I'm in Oxford right now, for the Global Catastrophic Risks conference.
There's a psychological impact in walking down a street where where any given building might be older than your whole country.
Toby Ord and Anders Sandberg pointed out to me an old church tower in Oxford, that is a thousand years old.
At the risk conference I heard a talk from someone talking about what the universe will look like in 10100 years (barring intelligent modification thereof, which he didn't consider).
The psychological impact of seeing that old church tower was greater. I'm not defending this reaction, only admitting it.
I haven't traveled as much as I would travel if I were free to follow my whims; I've never seen the Pyramids. I don't think I've ever touched anything that has endured in the world for longer than that church tower.
A thousand years... I've lived less than half of 70, and sometimes it seems like a long time to me. What would it be like, to be as old as that tower? To have lasted through that much of the world, that much history and that much change?
Transhumanism does scare me. I shouldn't wonder if it scares me more than it scares arch-luddites like Leon Kass. Kass doesn't take it seriously; he doesn't expect to live that long.
Yet I know - and I doubt the thought ever occurred to Kass - that even if something scares you, you can still have the courage to confront it. Even time. Even life.
But sometimes it's such a strange thought that our world really is that old.
The inverse failure of the logical fallacy of generalization from fictional evidence, is failure to generalize from things that actually happened. We see movies, and in the ancestral environment, what you saw with your own eyes was real; we have to avoid treating them as available examples.
Conversely, history books seem like writing on paper - but those are things that really happened, even if we hear about them selectively. What happened there was as real to the people who lived it, as your own life, and equally evidence.
Sometimes it's such a strange thought that the people in the history books really lived and experienced and died - that there's so much more depth to history than anything I've seen with my own eyes; so much more life than anything I've lived.

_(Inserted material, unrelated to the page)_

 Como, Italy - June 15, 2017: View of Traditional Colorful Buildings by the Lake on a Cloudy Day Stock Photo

(Sorta a poetry dump- but eh- seemed appropriate. Take it down if not so.)
Keats Quotes, 1821: Oh won't the zombie Keats be surprised to wake up!

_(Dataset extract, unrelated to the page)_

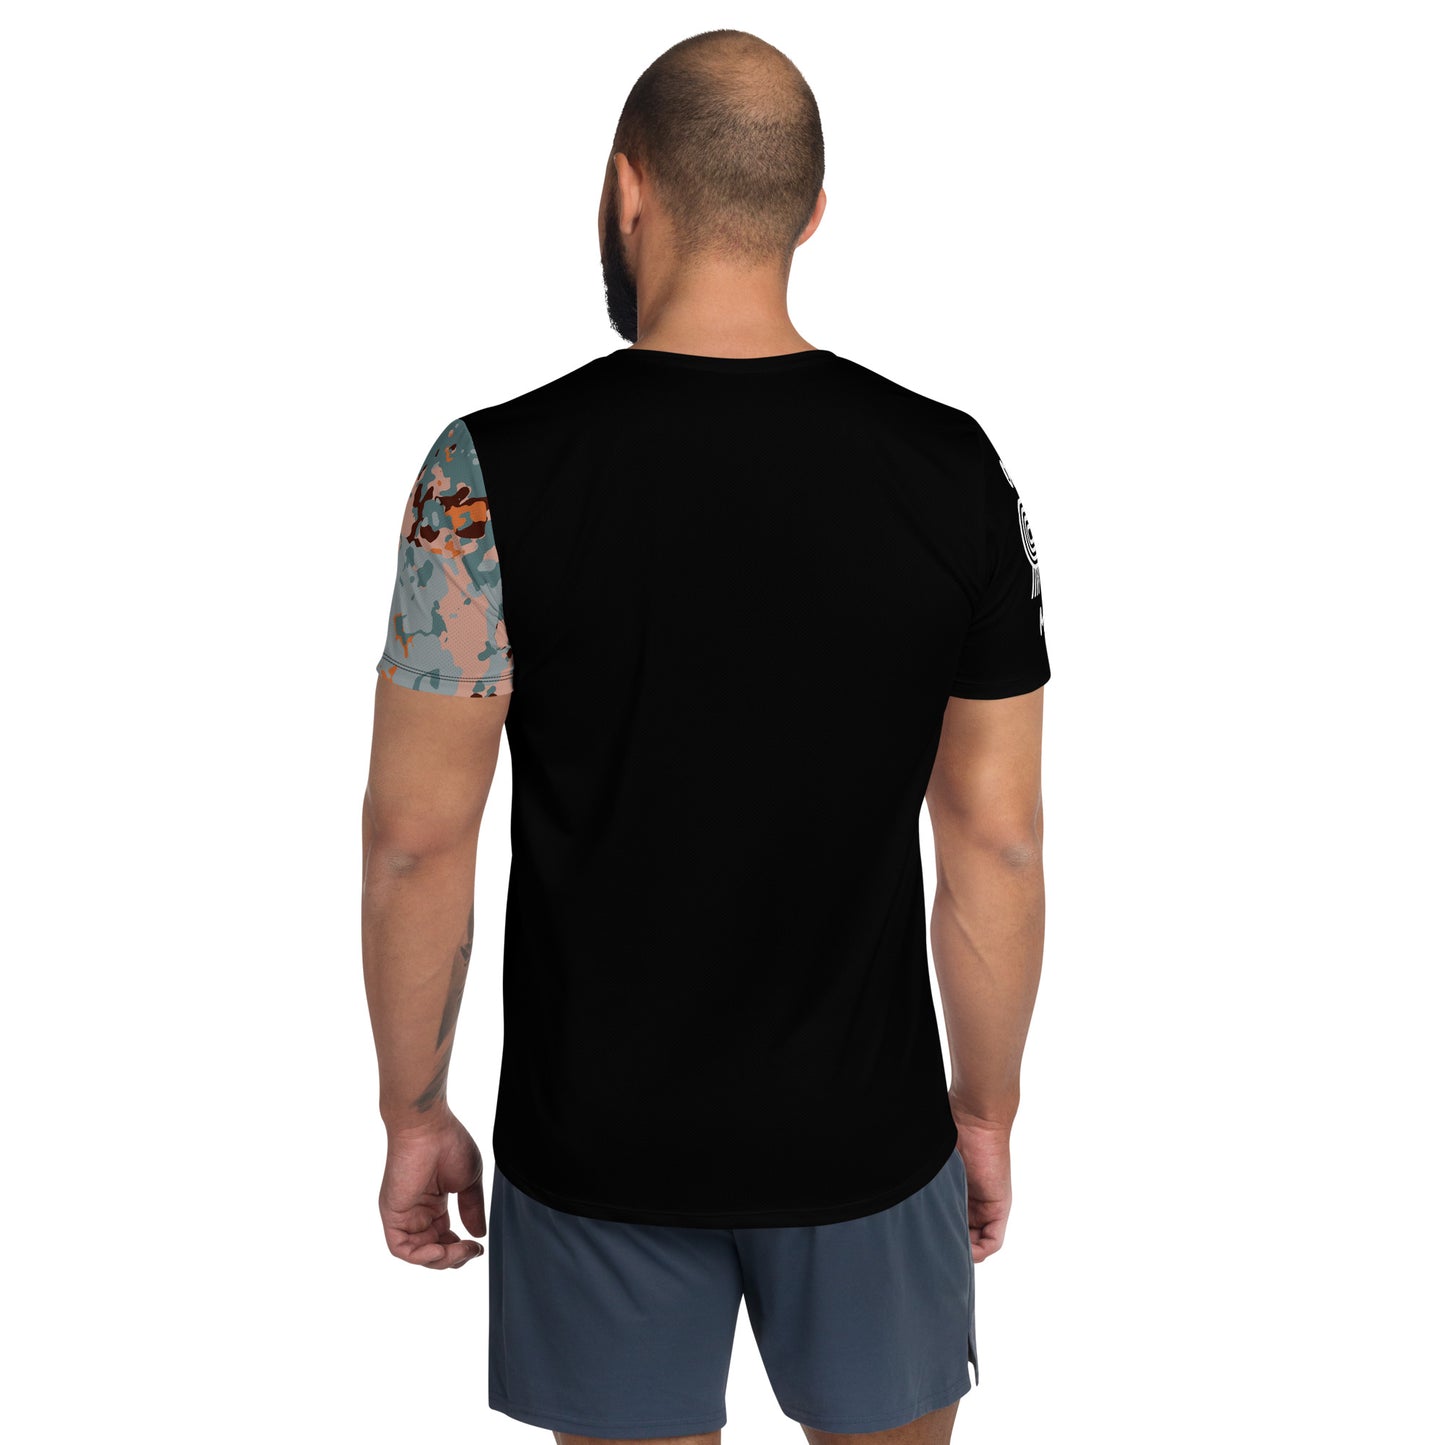 Official Members Cameo Compression Shirt

"I have but two luxuries to brood over: Your Lovliness, and the hour of my Death."
"...Thou still unravish'd bride of quietness, Thou foster-child of silence and slow time, Sylvan historian, who canst thou express A flowery tale more sweetly than our rhyme: ... O Attic shape! Fair attitude! with brede Of marble men and maidens overwrought, With forest branches and the trodden weed; Thou, silent form, dost tease us out of thought As doth eternity: Cold Pastoral! When old age shall this generation waste, Thou shalt remain, in midst of other woe Than ours, a friend to man, to whom thou say'st, 'Beauty is truth, truth beauty,' - that is all Ye know on earth, and all ye need to know."
"...But with a sweet forgetting, They stay their crystal fretting, Never, never petting About the frozen time. Ah! would 'twere so with many A gentle girl and boy! But were there ever any Writhed not of passed joy? The feel of not to feel it, When there is none to heal it, Nor numbed sense to steel it, Was never said in ryme."
"...Though one moment's pleasure In one moment flies, Though the passion's treasure In one moment dies; Yet it has not passed- Think how near, how near! And while it doth last, Think how dear, how dear! Hither, hither, hither, Love this boon has sent- If I die and whither I shall die content."
"...Still so pale? then, dearest, weep- Weep, I'll count the tears, And each one shall be a bliss For thee in after years Brighter has it left thine eyes Than a sunny rill; And thy whispering melodies Are tenderer still. Yet--as all things mourn awhile At fleeting blisses, E'en let us too! but be our dirge A dirge of kisses."
"...And think that I may never live to trace Their shadows, with the magic hand of chance; And when I feel, fair creature of an hour! That I shall never look upon thee more, Never have relish in the power Of unreflecting love!--Then on the shore Of the wide world I stand alone and think Till love an fame to nothingness do sink."